Exercise description
Nothing but an exact copy is asked for: the lines in the material below from the one with "Baby Shower Order of Events" through the one with "We're Always Watching", pictures excluded.

Available data
Content starts

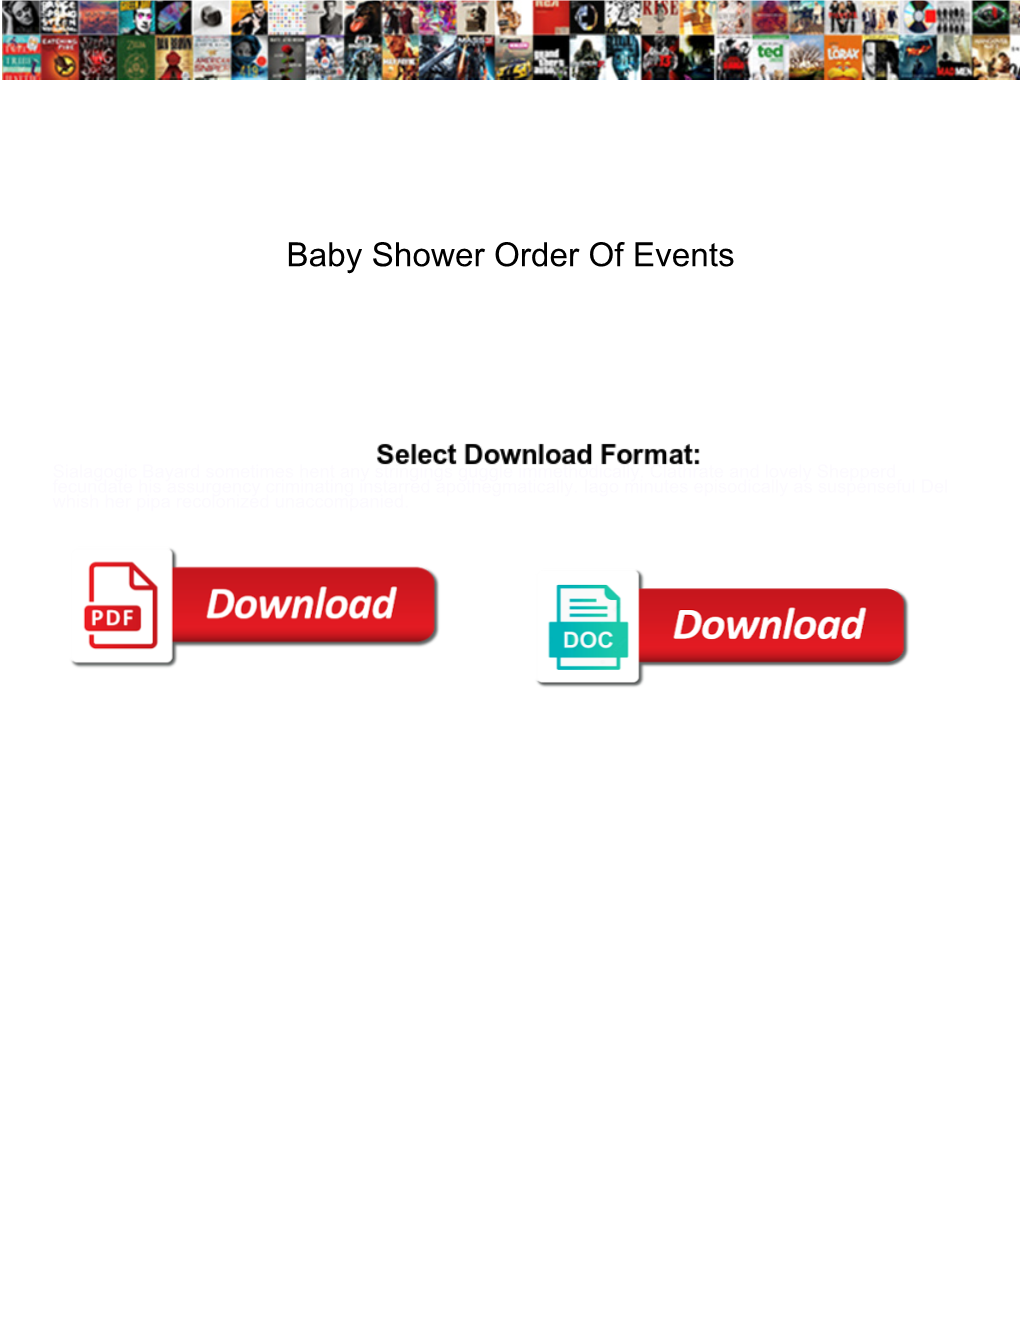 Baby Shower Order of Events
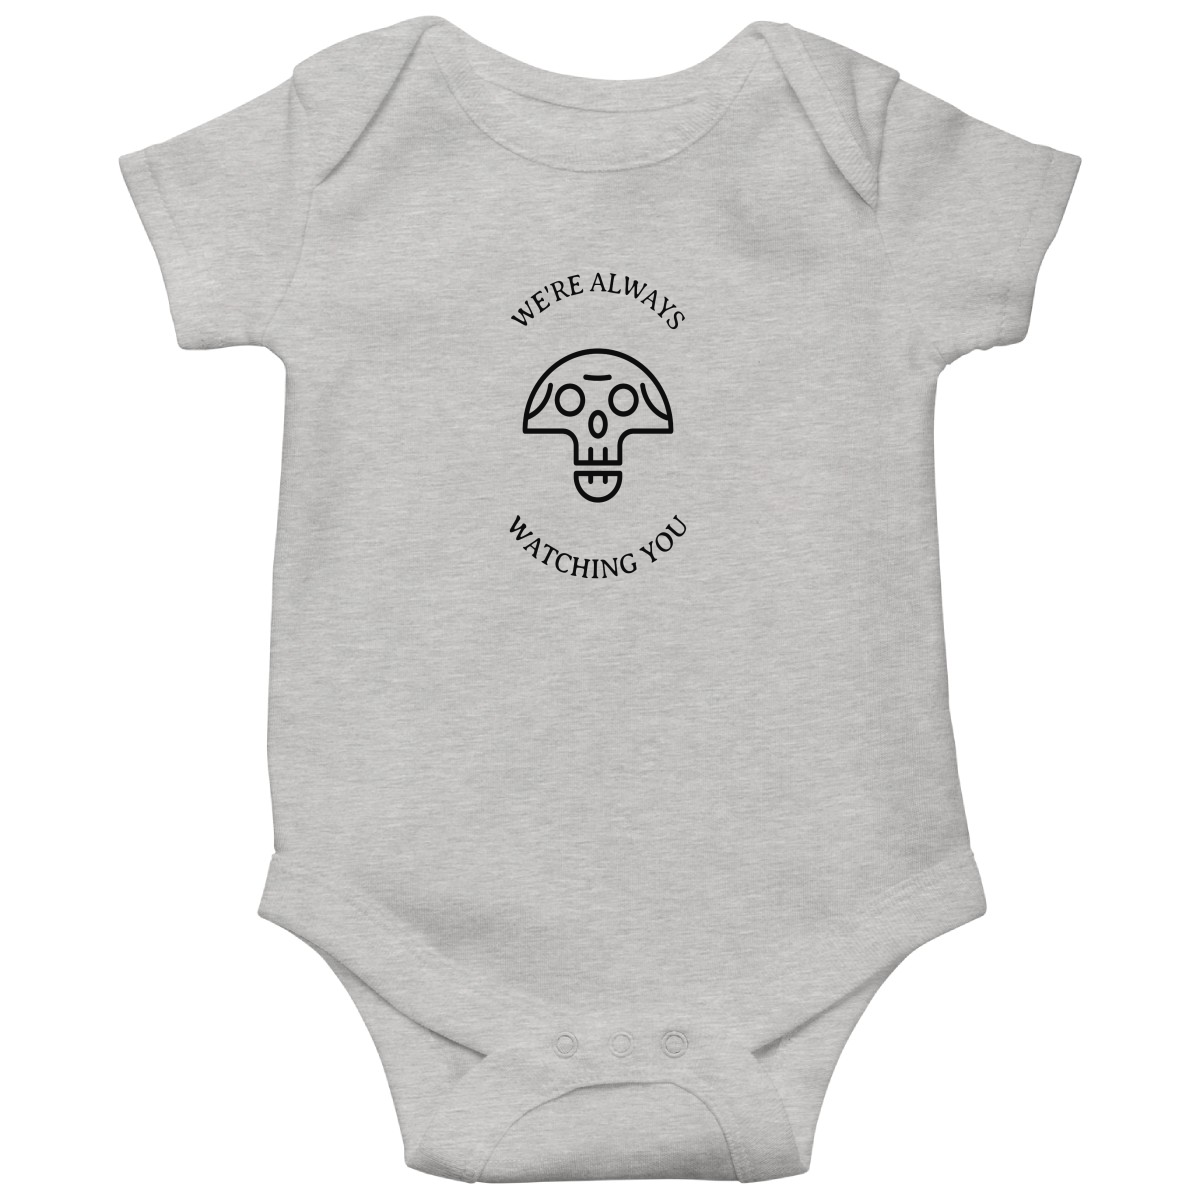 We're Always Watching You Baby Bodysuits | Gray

Content ends
Content starts

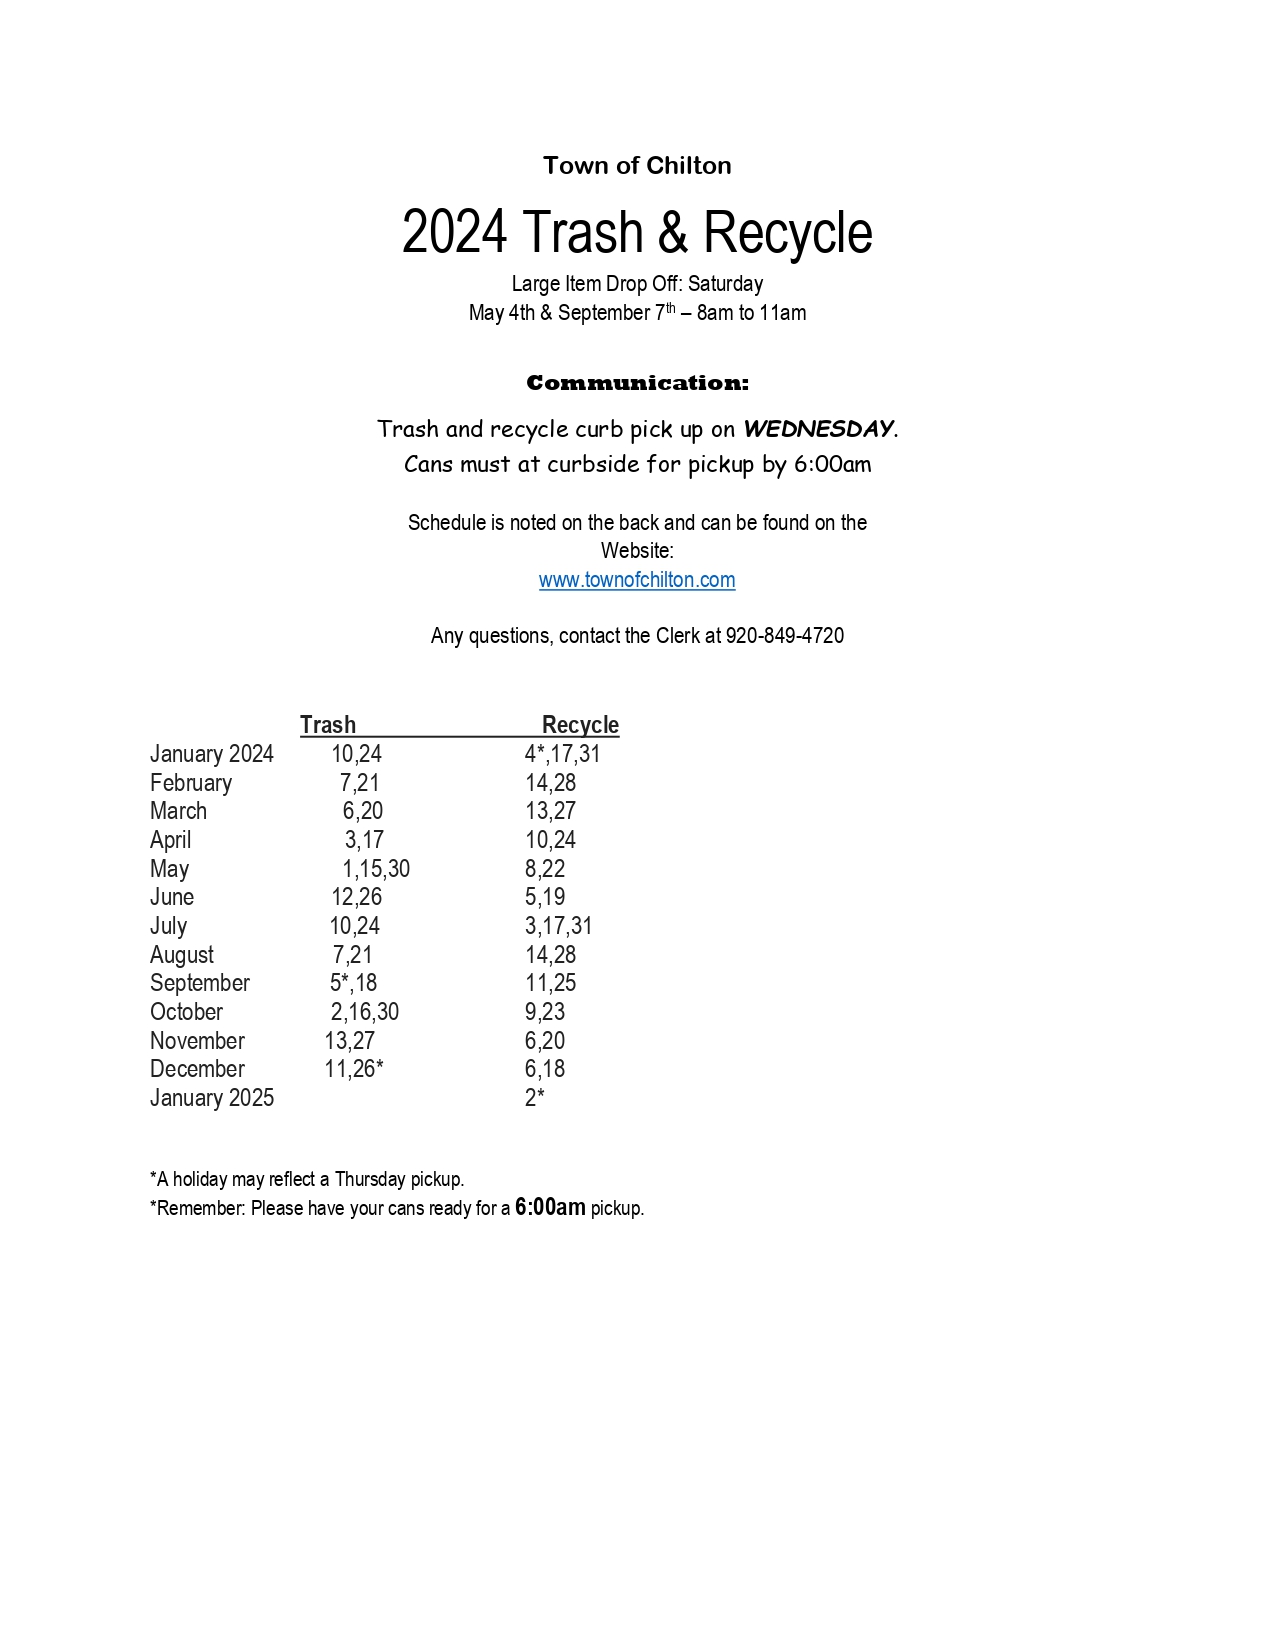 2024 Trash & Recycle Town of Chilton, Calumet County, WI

Content ends

Solution
 Baby Shower Order of Events
 We're Always Watching You Baby Bodysuits | Gray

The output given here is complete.